In May 2007, Hall says BG Medicine entered into a biomarker product license and collaboration agreement with ACS Biomarker B.V. (Netherlands). After licensing the intellectual property, the company decided to pursue 510K clearance from the FDA and did initial work with a Netherlands based developer of IVD immunoassays.

In 2009 the company engaged with a contract manufacturer to assist in final development and commercialization of the test kit.

When you don’t know if you have the volume to justify producing the test yourself, it just makes sense for a small company to use a contract manufacturer,” says Hall.

According to Hall, the first step in working with the contract manufacturer involved a technology transfer, followed by optimizations and validations to determine compatibility with their manufacturing equipment and QC processes.

Although the assay was already developed, not all the test methods for manufacturing purposes had been developed. The contract manufacturer had to develop the processes and the validations to create the gold standard tests to complete its in-process QC.

In addition, some of the raw materials required validation to ensure availability and real-time stability to scale up for manufacturing. Because the assay was developed in the Netherlands, new sources for critical raw materials in the United States were also required.

Again stepping beyond its role as a manufacturer only, the company also responds to customer service inquiries as needed, along with providing fulfillment and distribution services, including storing inventory, order processing and shipping to end users.

To manage inventory in a just-in-time fashion, Hall says there needs to be constant communication with the manufacturer to ensure production remains in line with variations in demand.

When you are a small company you have limited resources and so you can’t spend a lot of working capital on inventory,” explains Hall. “So you need to proactively know where you are at with lead times from all the suppliers to ensure there is never an issue.”

Halls say that every Galectin-3 test kit to date has been produced by the contract manufacturer. In addition to selling the kit, BG Medicine also earns pass-through royalties through sublicenses with automated partners that run the tests on their respective platforms.

[Our contract manufacturer] put together a quality kit for us,” says Hall. “It performs well, it is a consistent product and there is reproducibility of the results.”

Companion Diagnostics

Today, services organizations with a wide range of capabilities including contract manufacturing are interfacing directly with pharmaceutical companies to develop and get regulatory approval of companion diagnostic tests.
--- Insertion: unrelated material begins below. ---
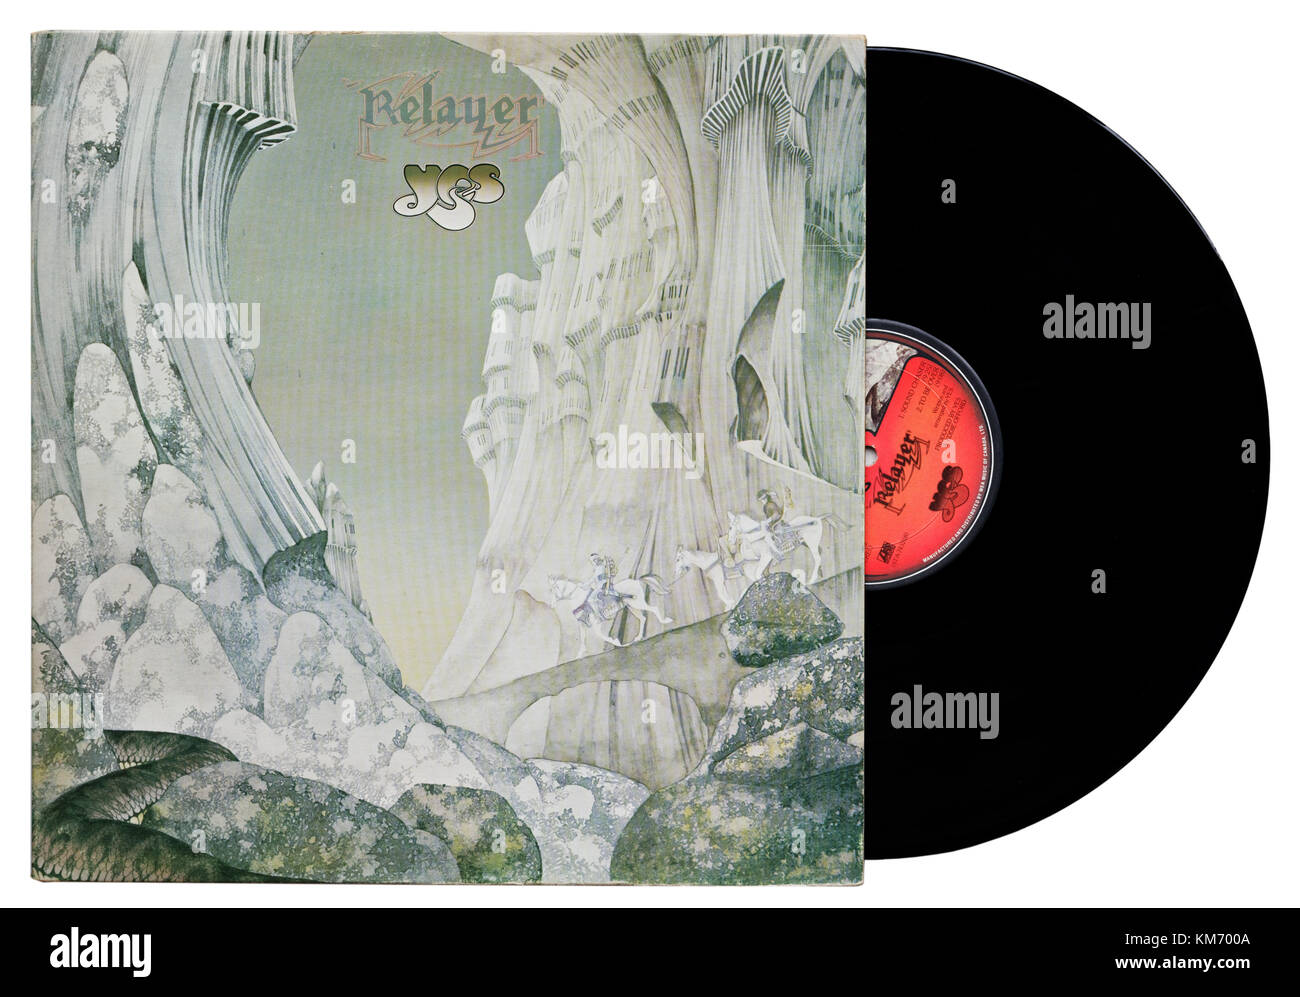 Yes Relayer album Stock Photo - Alamy

Companion diagnostic tests are co-developed with drugs to aid in selecting or excluding patient groups for treatment with that particular drug on the basis of their biological characteristics. These tests are based on companion biomarkers that help predict the likely response or severe toxicity within a subset of a population.

Companion diagnostics are required as part of the PMA process by the U.S. Food and Drug Administration (FDA) in the United States for the “safe and effective use” of a corresponding drug or biological product.

While most were initially focused on Oncology, companion diagnostics are now expanding in use for other disease areas, including autoimmune, neurologic and cardiovascular.

A subset of this group, complementary diagnostics, is also growing. Complementary diagnostics are used to aid in the benefit–risk decision- without restricting drug access.

Although many of the largest pharmaceutical companies have internal diagnostic capabilities, many still look to partner with an established service organization to complete the PMA requirements related to the test. Smaller companies without the in-house capabilities almost always prefer to outsource this aspect.

Within this area, the requirements go well beyond contract manufacturing and can include product development, regulatory management, clinical trial support, private labeling, warehousing, fulfillment, post-approval commercialization and life cycle management.